Accelerate Compliance with Nozomi Networks
Cybersecurity is no longer an IT sidebar for ports; it’s mission-critical to keeping cargo moving and ensuring national security. Meeting USCG cybersecurity requirements means folding cyber into your existing safety and security culture — from your Facility Security Plan down to employee training — and documenting everything. If you haven’t yet suffered a breach and shored up your defenses, the learning curve may be steep. Many existing maritime regulations pertain to complex tasks that rely on judgment calls by senior marine engineers and operators. Equivalent internal expertise to evaluate security controls, legacy system vulnerability and OT/IoT exposure likely doesn’t exist.

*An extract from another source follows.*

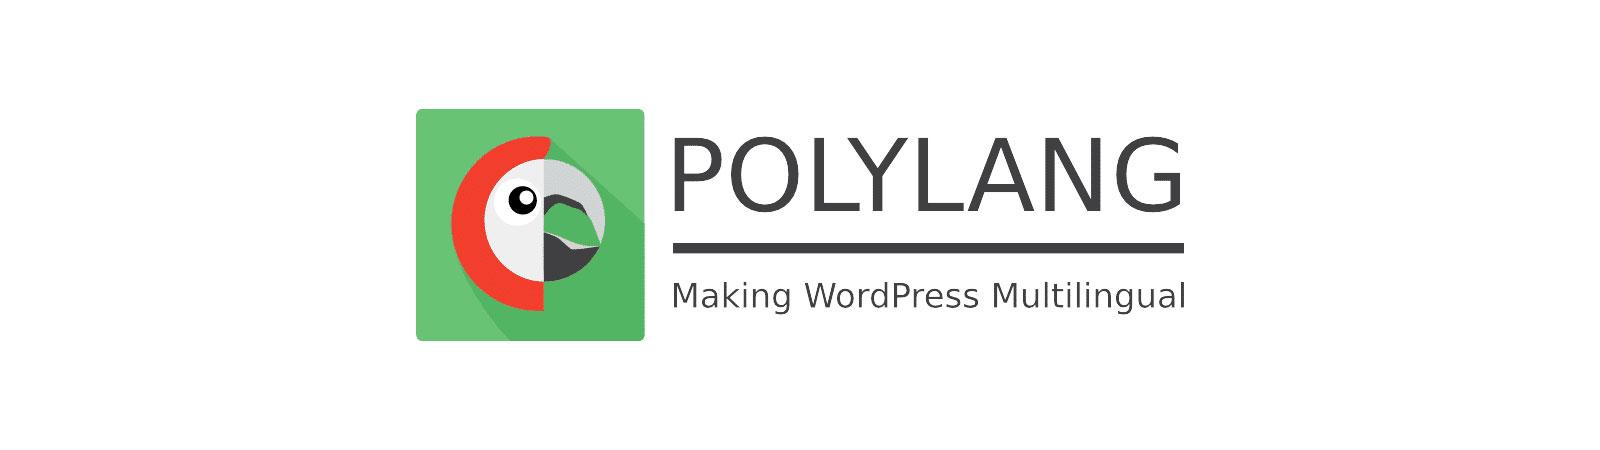 I migliori plugin multilingue per WordPress : Polylang
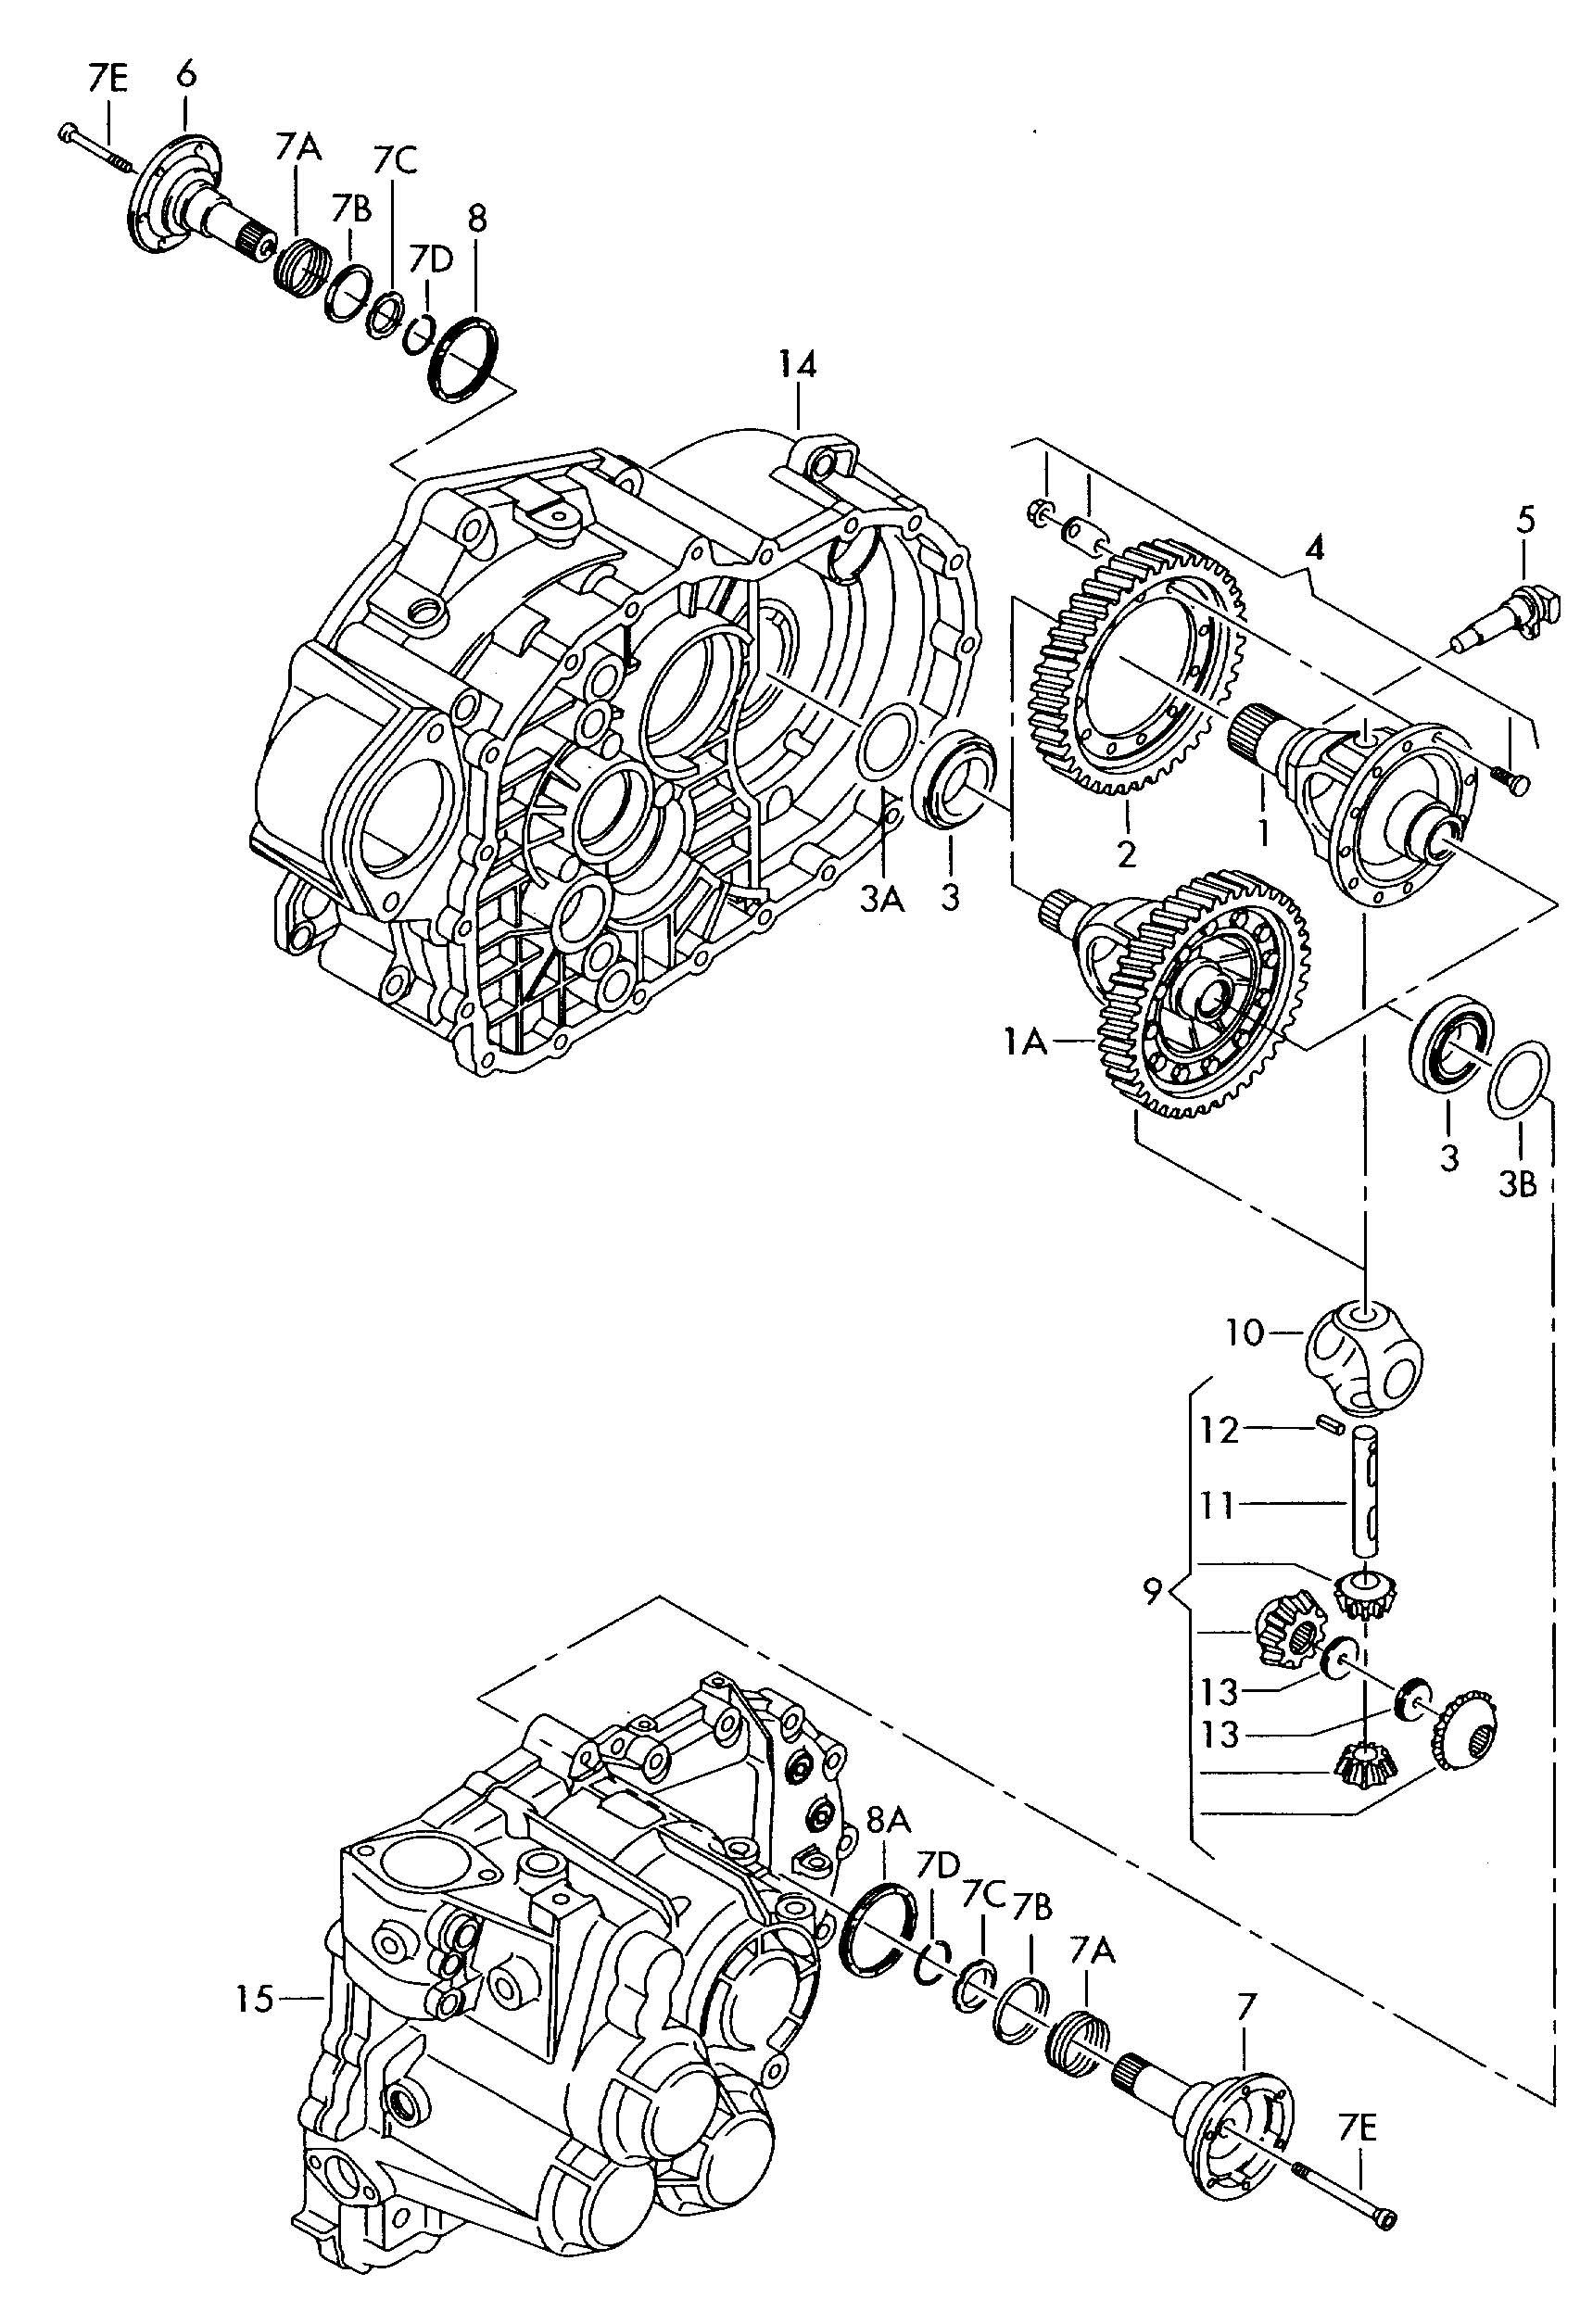 1998 ford f150 transmission diagram 7 pin trailer socket wiring water temp sensor location 2004 get free

By automating asset inventory, calculating asset risk, prioritizing vulnerability management, detecting threats and anomalies, and assisting with incident response, the Nozomi Networks platform can accelerate regulatory compliance and NIST framework alignment while materially increasing your overall cyber resilience. While it’s impossible to eliminate all risk, being prepared can turn a potential catastrophe into a manageable event.